### Given entries
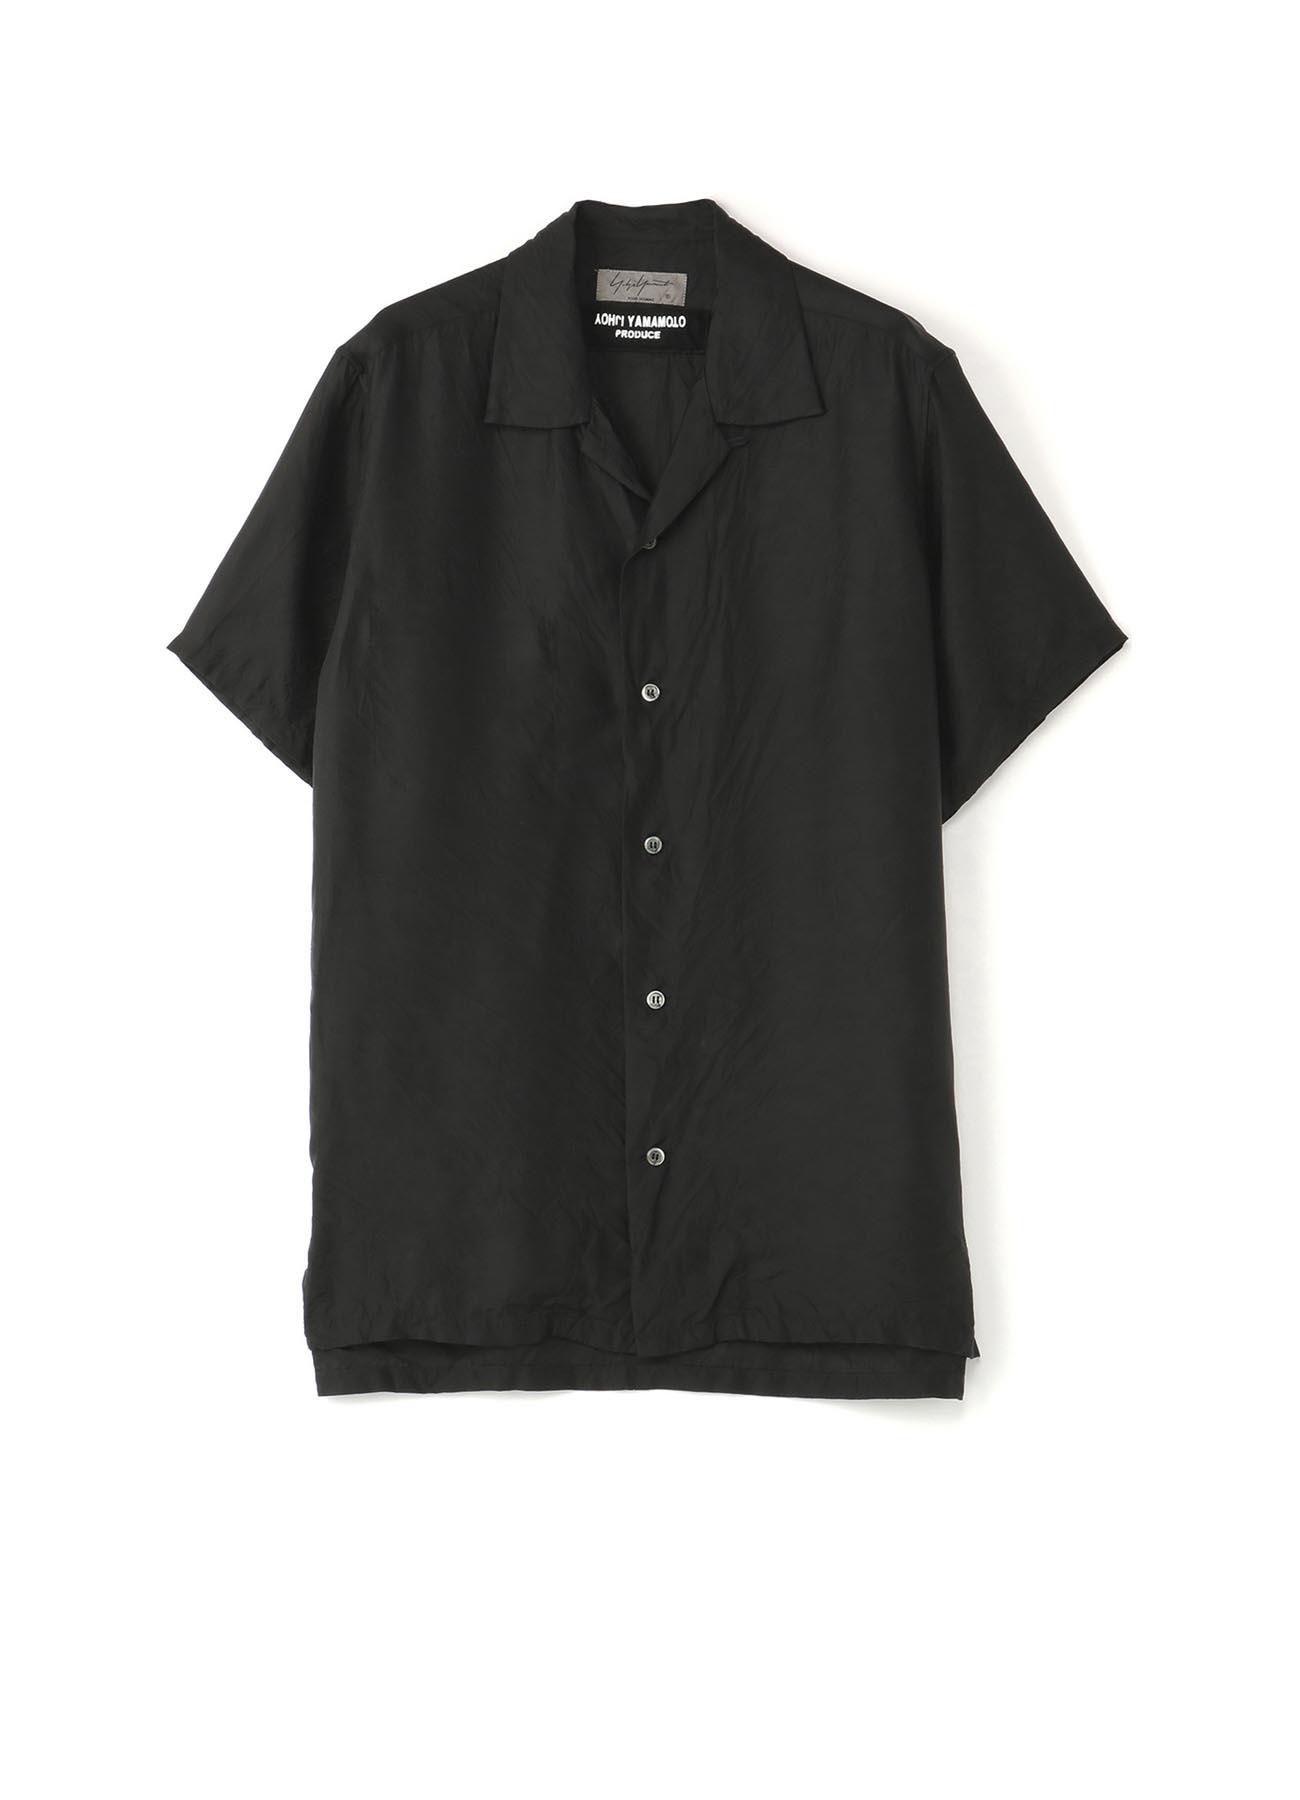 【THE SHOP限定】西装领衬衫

==

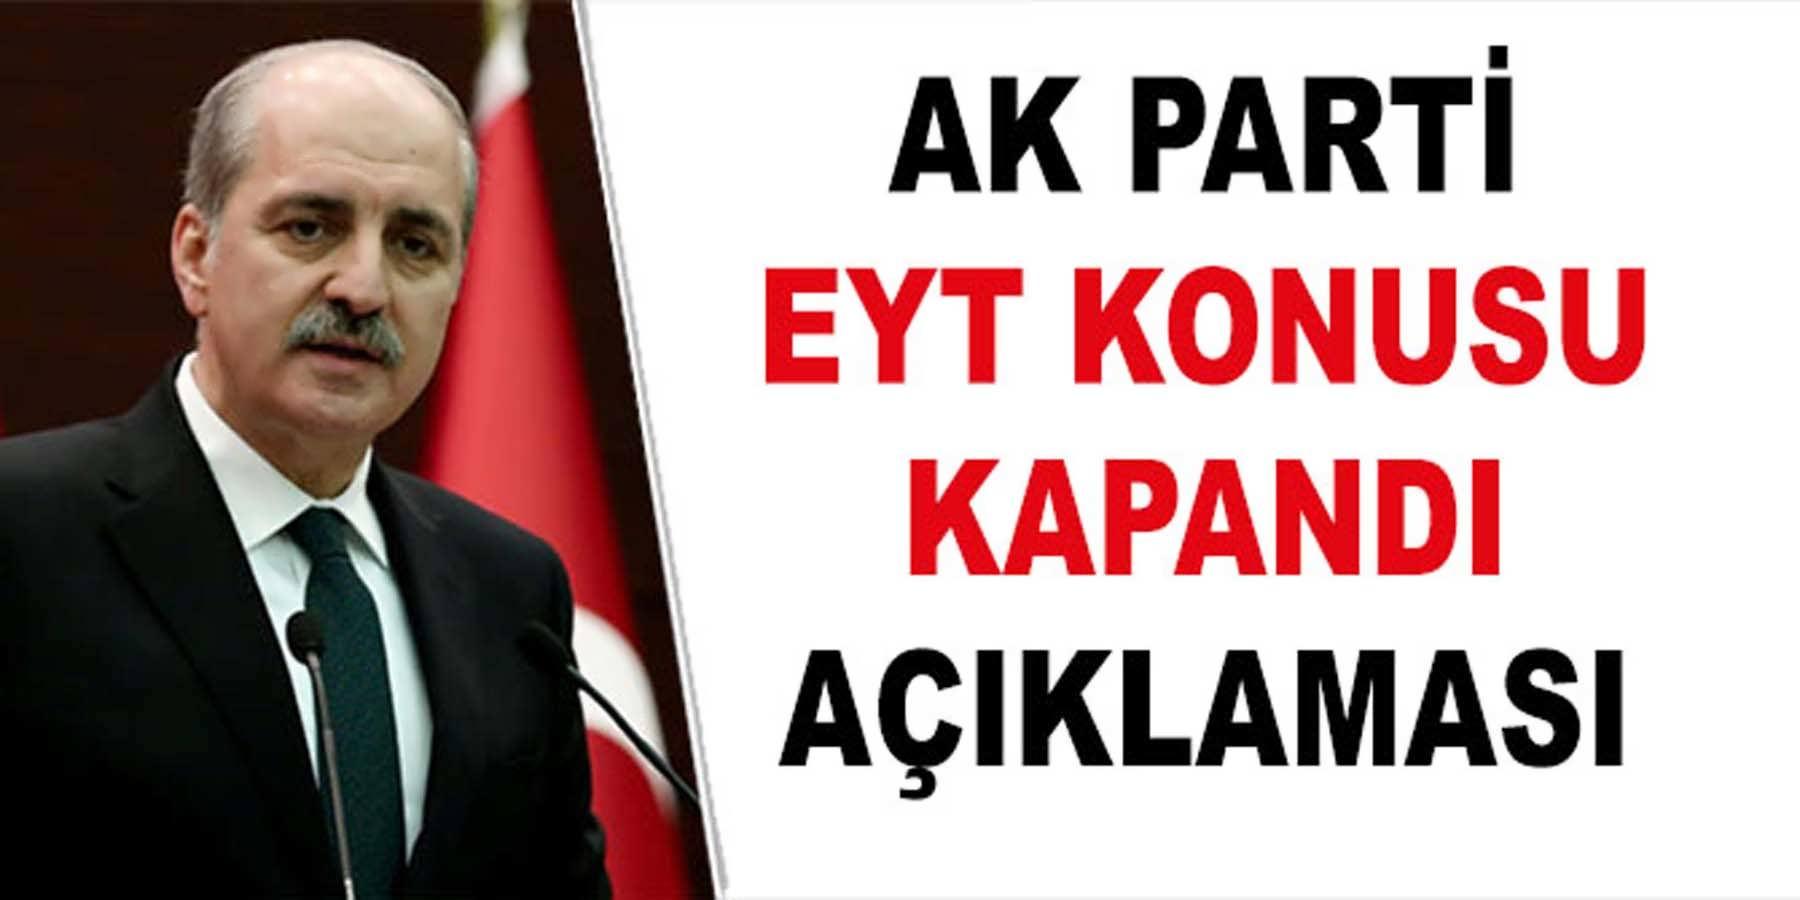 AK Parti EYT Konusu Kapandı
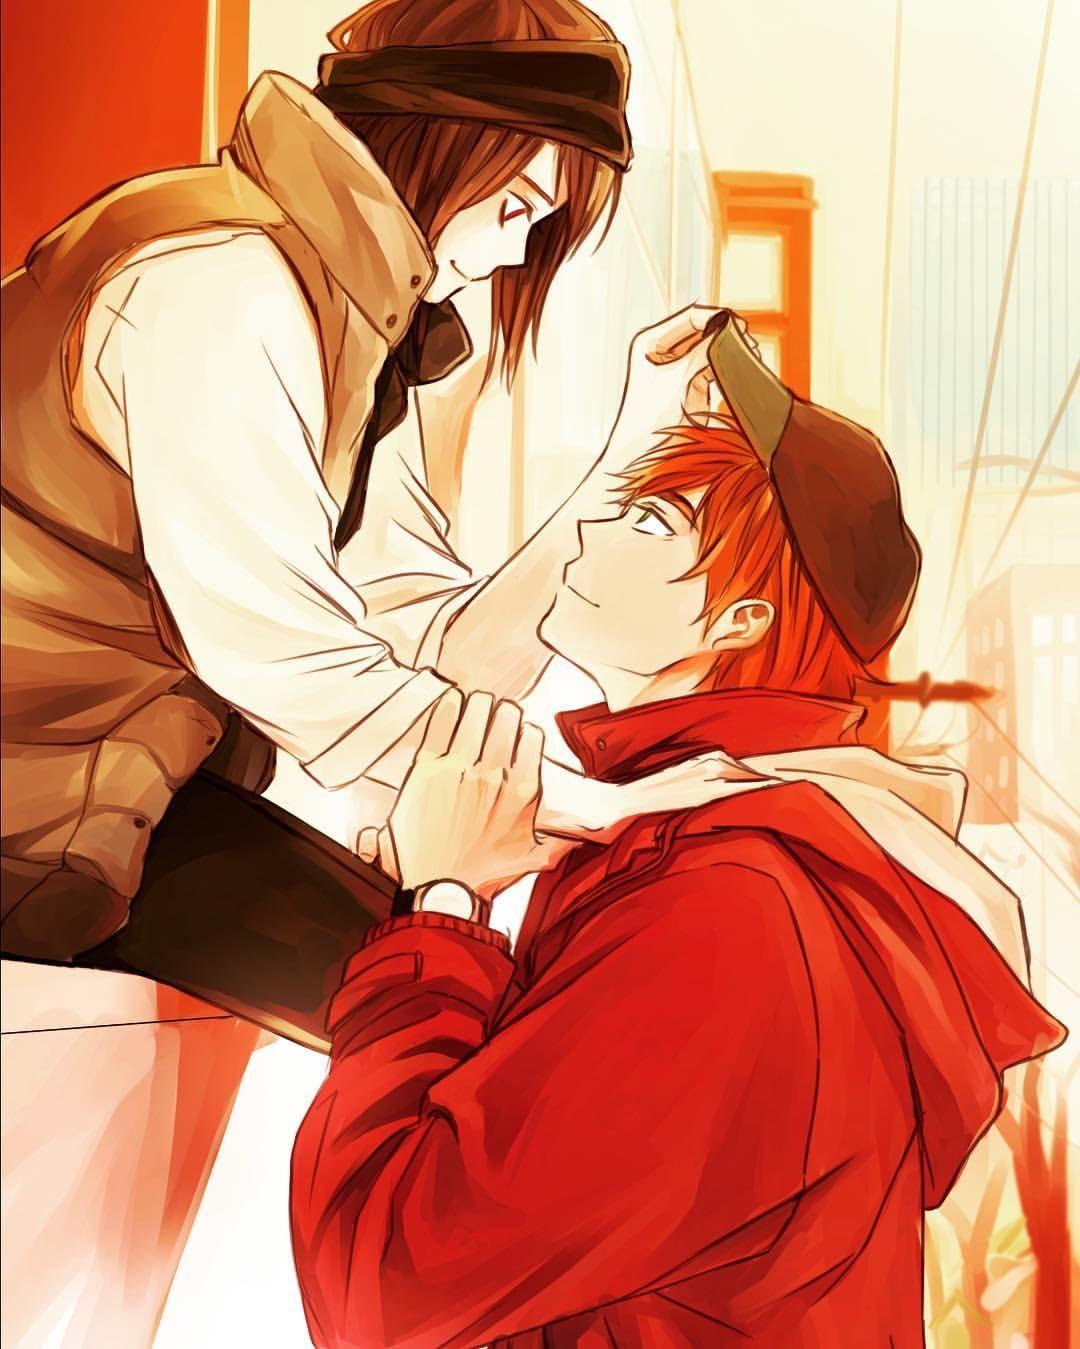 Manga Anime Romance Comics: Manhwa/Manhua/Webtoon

### What is required
Those lines of the records above that run from the one containing "AK Parti EYT Konusu Kapandı" through the one containing "Manga Anime Romance" should be returned exactly, with no pictures among them.

### Exercise solution
 AK Parti EYT Konusu Kapandı
 Manga Anime Romance Comics: Manhwa/Manhua/Webtoon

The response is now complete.